Fig. 5 — N protein inhibits G3BP1-mediated RIG-I signaling activation by suppressing SG formation. a and b N protein inhibits G3BP1-mediated RIG-I signaling activation. Thirty-six hours after transfection into HEK293T cells with indicated plasmids, the luciferase activities were measured using dual-luciferase assays (a). Twenty-four hours after transfection, HEK293T cells were infected with SeV (b), and 6 h after infection, the cells were harvested to determine the induction of IFN-β, IFN-λ1, and ISG56 using RT-qPCR. c and d N protein interacts with G3BP1. Co-IP analysis of the interaction between N-V5 and G3BP1-Flag in HEK293T cells (c). d Left panel: Coomassie blue staining analysis of the purified G3BP1-Flag and His-N proteins.

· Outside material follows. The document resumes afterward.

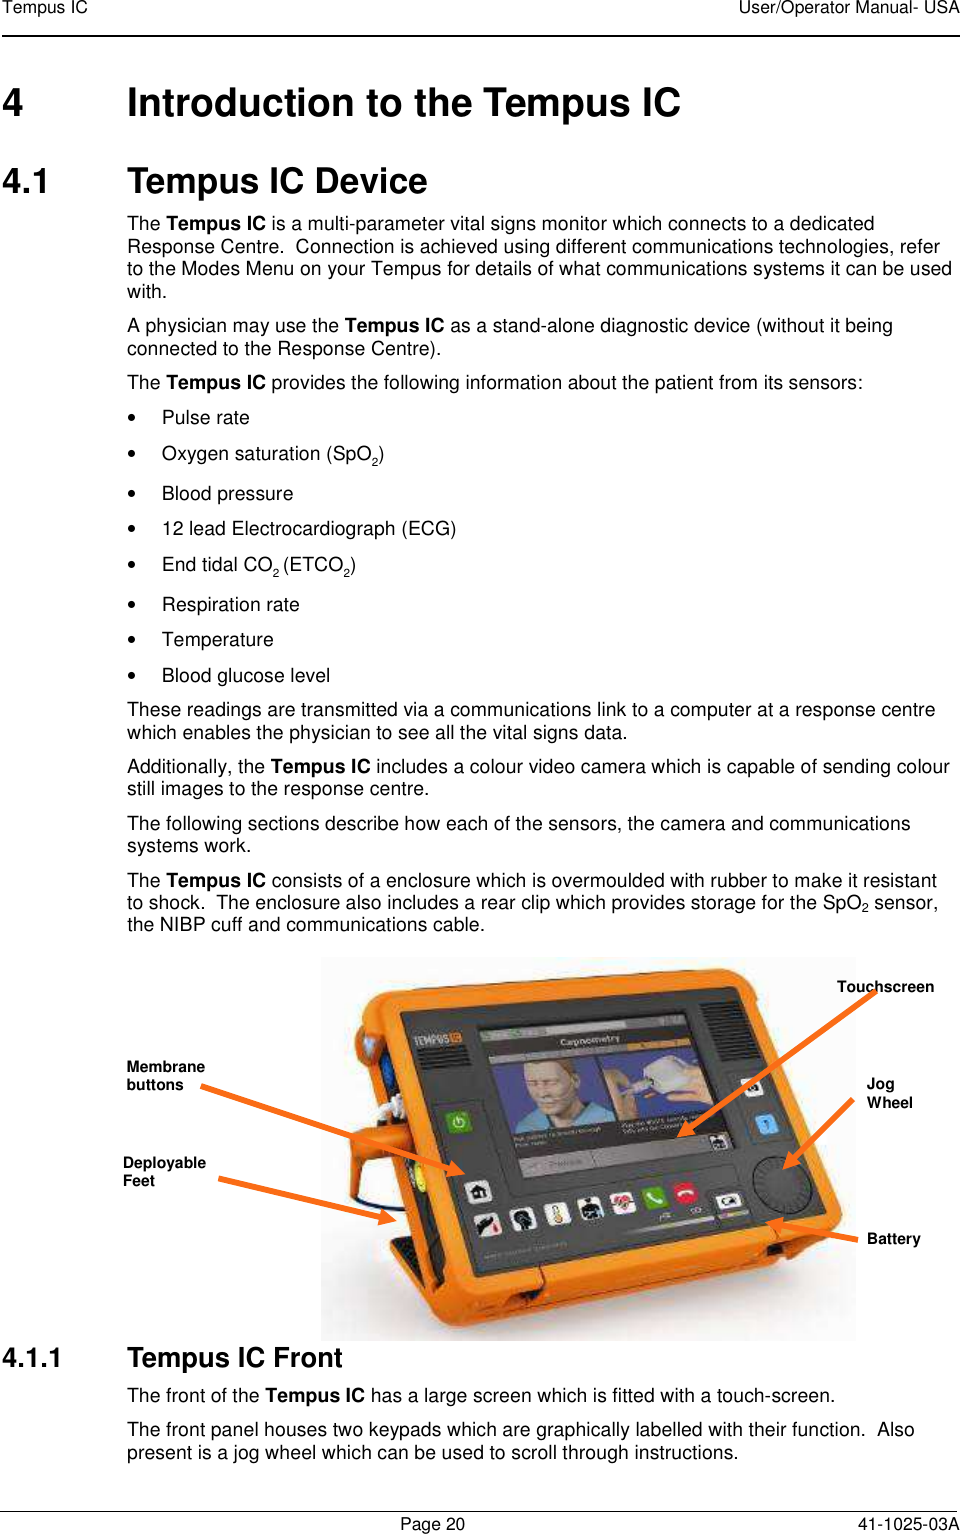 Tempus IC    User/Operator Manual- USA        Page 20  41-1025-03A 4  Introduction to the Tempus IC 4.1  Tempus IC Device The Tempus IC is a multi-parameter vital signs monitor which connects to a dedicated Response Centre.  Connection is achieved using different communications technologies, refer to the Modes Menu on your Tempus for details of what communications systems it can be used with.  A physician may use the Tempus IC as a stand-alone diagnostic device (without it being connected to the Response Centre).   The Tempus IC provides the following information about the patient from its sensors: •  Pulse rate •  Oxygen saturation (SpO2)  •  Blood pressure •  12 lead Electrocardiograph (ECG) •  End tidal CO2 (ETCO2) •  Respiration rate •  Temperature •  Blood glucose level These readings are transmitted via a communications link to a computer at a response centre which enables the physician to see all the vital signs data.   Additionally, the Tempus IC includes a colour video camera which is capable of sending colour still images to the response centre. The following sections describe how each of the sensors, the camera and communications systems work.   The Tempus IC consists of a enclosure which is overmoulded with rubber to make it resistant to shock.  The enclosure also includes a rear clip which provides storage for the SpO2 sensor, the NIBP cuff and communications cable.         The Tempus IC   4.1.1  Tempus IC Front  The front of the Tempus IC has a large screen which is fitted with a touch-screen.   The front panel houses two keypads which are graphically labelled with their function.  Also present is a jog wheel which can be used to scroll through instructions. Jog Wheel Deployable Feet Touchscreen Battery Membrane buttons 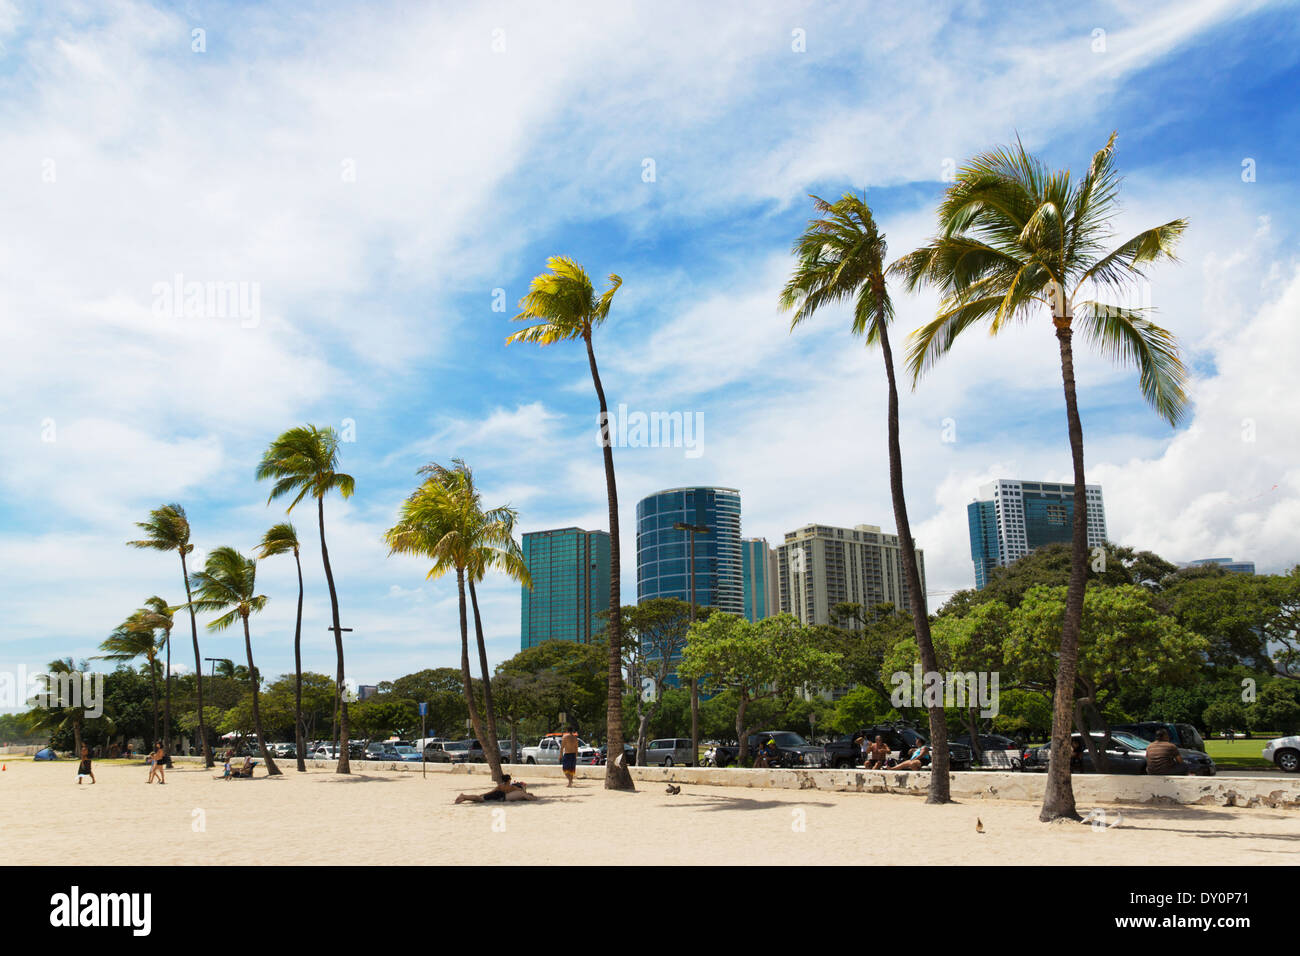 A beach lined with palm trees and buildings in the background; Honolulu, Oahu, Hawaii, United States of America Stock Photo

Right panel: Co-IP analysis of the in vitro interaction between His-N and G3BP1-Flag. e N protein inhibits G3BP1-induced SG formation. Left panel: Confocal microscopic analysis of SG formation in HeLa cells transfected with G3BP1-Flag together with empty vector or expression vector of N for 24 h. Scale bars, 10 μm. Right panel: Quantification analysis of the percentage of SG formation (50 cells per sample). f N protein inhibits poly (I:C)-induced SG formation. Left panel: Confocal microscopic analysis of SG formation in HeLa cells transfected with empty vector or expression vector of N for 24 h followed by stimulation with poly (I:C) for 0 or 8 h. Scale bars, 10 μm. Right panel: Quantification analysis of the percentage of SG formation (200 cells per sample). g N protein does not affect G3BP1 expression. HeLa cells were transfected with plasmids as indicated, 16 h later, the cells were further stimulated with poly (I:C) by transfection. The expression of G3BP1, N-Flag, and actin was detected by immunoblotting. EV empty vector, h hours.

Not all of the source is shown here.